Millwall vs Leeds and the season's most unnecessary light show
The person who decided that the best way to warm up the crowd before Millwall vs Leeds United was with a light show should be made watch Millwall home matches in a Leeds shirt.
I do not consider myself to be a ‘proper football man’. I try to stay on top of changes and trends within the game, and where they’re not to the detriment of those involved, I’m open to change. I don’t want football to be preserved in aspic as it was when I was ten years old. But sometimes, they just really test your patience, don’t they?
Millwall vs Leeds United is more than just a ‘needle match’. It was never particularly common at matches themselves—the two clubs only played each other twelve times between 1920 and 2003—and really stemmed from the fact that these two clubs probably had the two worst sets of elements within their supporters during the halcyon days of hooliganism. It has taken on a meaning some way beyond merely the Bushwackers vs the Service Crew.
But oh, to have been a fly on the wall of the meeting at which it was decided that it would be in any way whatsoever a good idea to inflict a light show and—you guessed it—a booming rendition of Right Here Right Now before this of all matches should be sat down and made to learn, from scratch, the history of English football culture. Because to do something like this can only have come from anyone who’s ever set foot in a football ground in this country before, let alone The Den. Goodness only knows what Neil Harris thought of it all.
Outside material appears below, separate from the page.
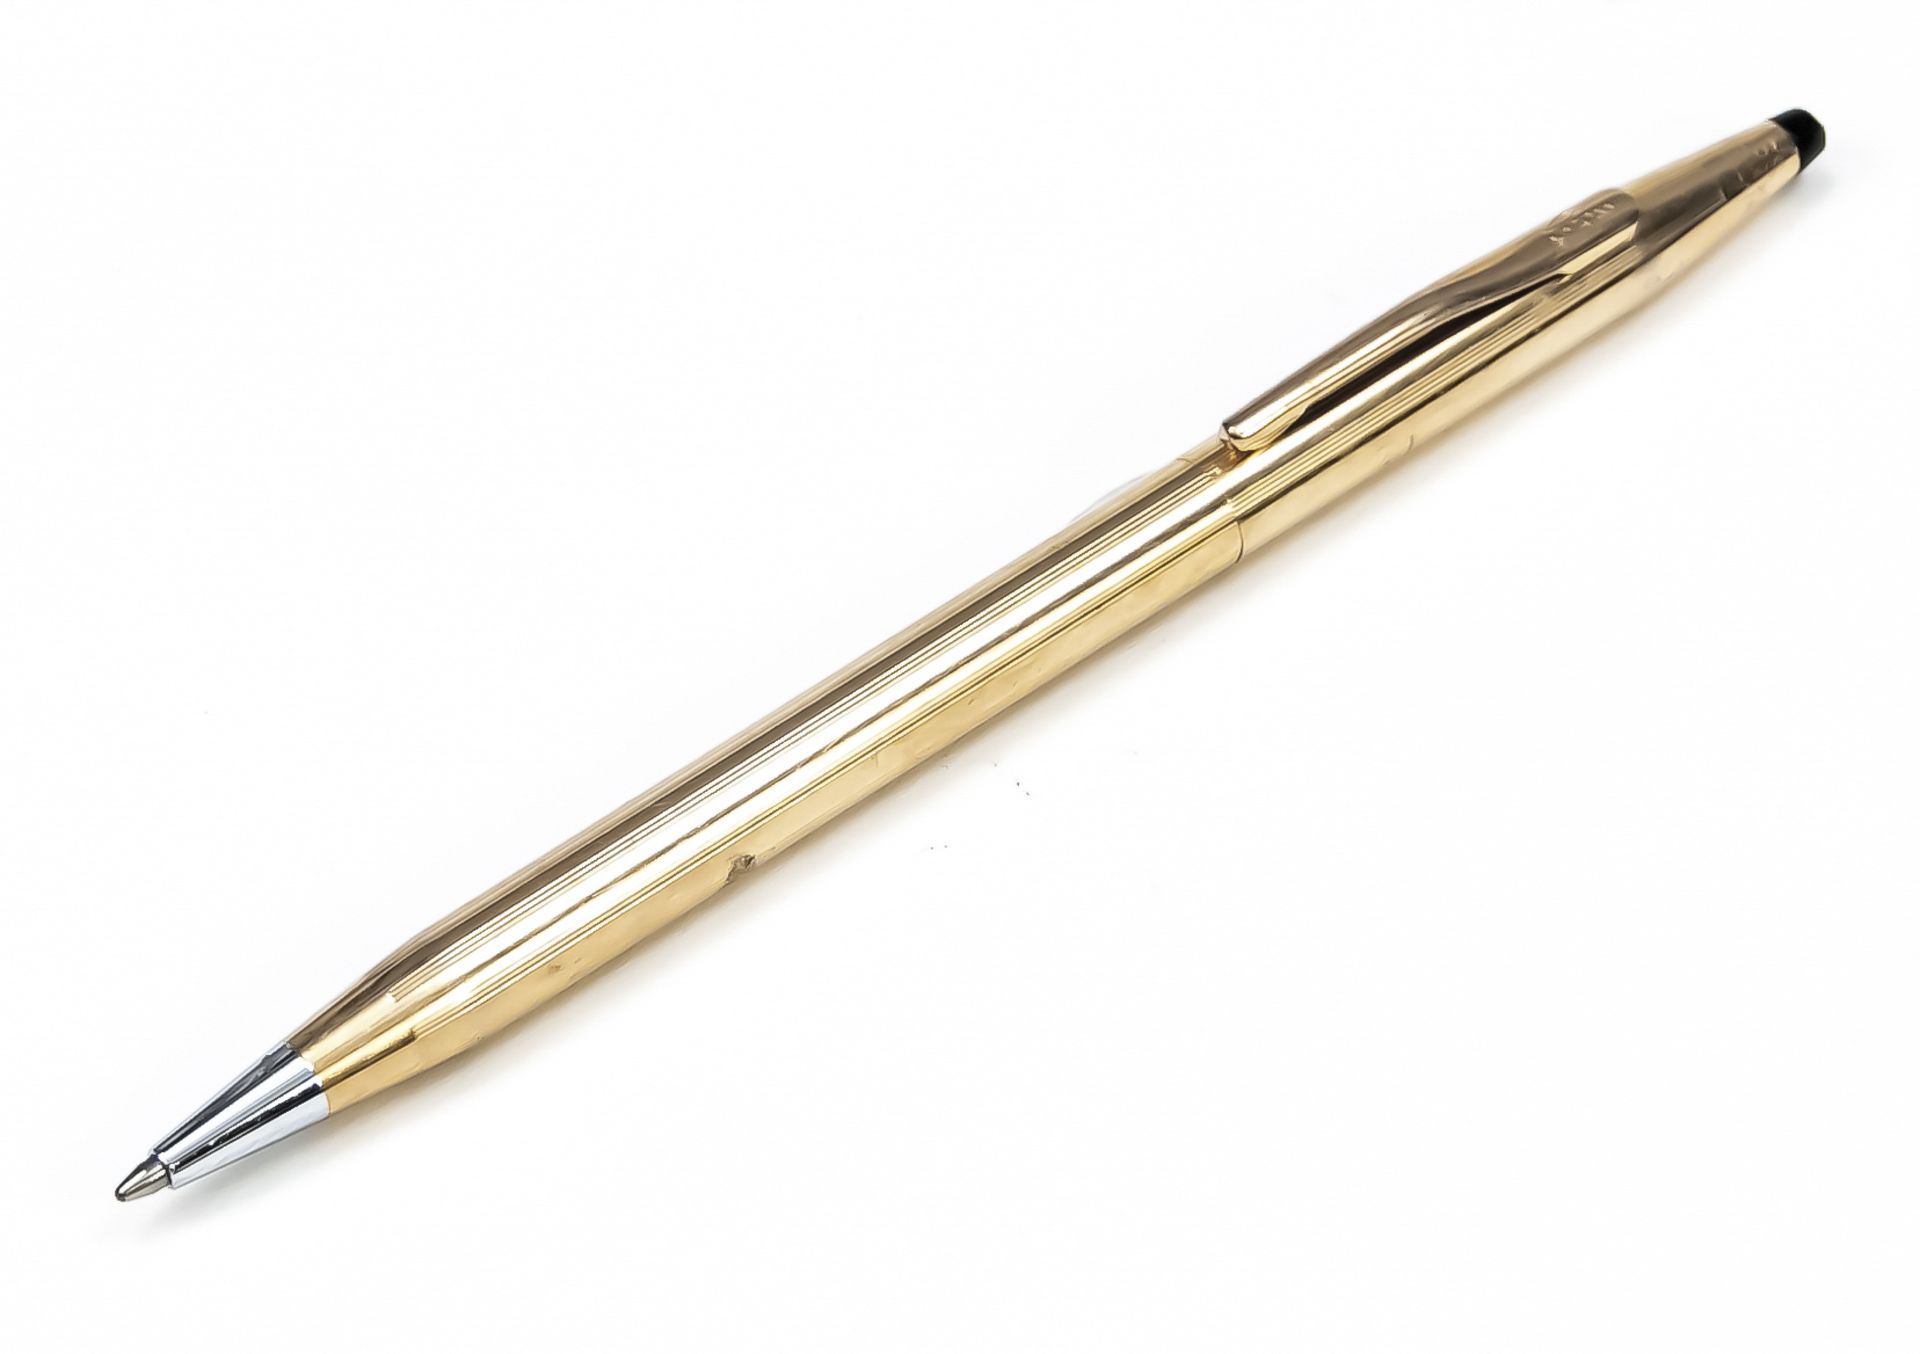 Cross ballpoint pen, Made in Ireland, 2nd half of 20th c., 14 ct hard gold plated case with stripe

It is an experience like no other, the away end at The Den. It’s not completely unheard of these days for the lower tier of the stand to be open during matches, but for this particular match it definitely wasn’t. Getting off the train at South Bermondsey Station, you’re shepherded immediately onto a pathway which, upon completion, deposits you right by the turnstile. They don’t want anyone unfamiliar with the area getting lost, they really don’t.
Throughout the match, there will be people standing at the ends of the stand making ‘I’m going to slit your throat’ gestures while paying literally no attention to the match whatsoever. Considering how little actual throat-slitting goes on at Millwall matches (I mean, it never gets mentioned anywhere in dispatches, does it?), I can only assume this to be a local tradition akin to saluting a magpie and saying “Good morning, Mr Magpie”, should you see one. A bit odd, but ultimately harmless.
There even used to be an element of jeopardy to going home afterwards, since London Bridge Station also had a reputation for being a potential flashpoint area after matches. It’s certainly not as bad as it used to be, of course, nothing like it, but a trip to Millwall does remain one of English football’s more bracing experiences.
At least ahead of this match, Millwall saw fit to let the crowd know in advance so they could stay in the bar should they choose to. By the looks of it (and if you click only one link on this piece, make it this one - you won’t be disappointed), the vast majority decided to give it a swerve and stay in the stand instead, while those who didn’t made their feelings more than clear.
Nights like this aren’t for light shows and phat beats. Nights like this are for a dull, sullen deadweight of atmosphere to hang over everything, for Let ‘em Come to be blaring out over a tinny PA, for the smell of sensationally bad food to waft in and out of your nostrils, and for young men in a uniform which has barely changed in the last 25-30 years—seriously, has any fashion ever changed as little over such a lengthy period of time as the football lad’s affinity to Stone Island jumpers?—to goad each other through barbed-wire topped fences. It comes with a jellied eels, a glass of beer, and a hint of menace. You want Fatboy Slim? Go stand on Brighton beach.
Yeah, I know how all this sounds, though I don’t really feel as though I’m being much of a fuddy-duddy, here. After all, Right Here Right Now is 25 years old this year, while light shows are straight out of the 1970s. And no, I don’t want to go back to the early 1980s, either. The grounds were death traps, matches were frequently violent in a way that would be considered almost unimaginable these days, racism was everywhere, and Liverpool won all the time.
Crowds were plummeting to a point that the gaps in the terraces where people used to stand but didn’t any more had become extremely obvious. The football was often extremely negative. If you weren’t a footy lad on the piss, it could be a miserable experience. That’s why crowds fell as low as they did in the first place. Everybody had a story of a kid whose dad just wouldn’t take them to the football, and it wasn’t really considered an unreasonable position.
But do football’s rough edges all have to be planed away? The crackle that hangs over a match like this is what makes it what it is. The Den was a bearpit last night once the ELO impersontions stopped and the actual football started, with an old fashioned explosion greeting Japhet Tanganga’s 40th minute opening goal, which turned out to be the only one of the night. By the final ten minutes, there was a wall of noise around three sides of the ground. And at the final whistle, Let ‘Em Come blared out over the PA system as the home supporters celebrated their win. Jellied eels and glasses of beer thoroughly well earned. And it was enough. Football doesn't always have to be An Event.
Nice piece, Ian. As a travelling QPR fan, I've always been simultaneously amused and impressed by the range and variety of hand gestures and abuse with which some home fans spend the entire game trying to goad their counterparts. Still like the Den though. It's a great atmosphere when they're in full voice. Excellent point on Stone Island too. Get the badge in.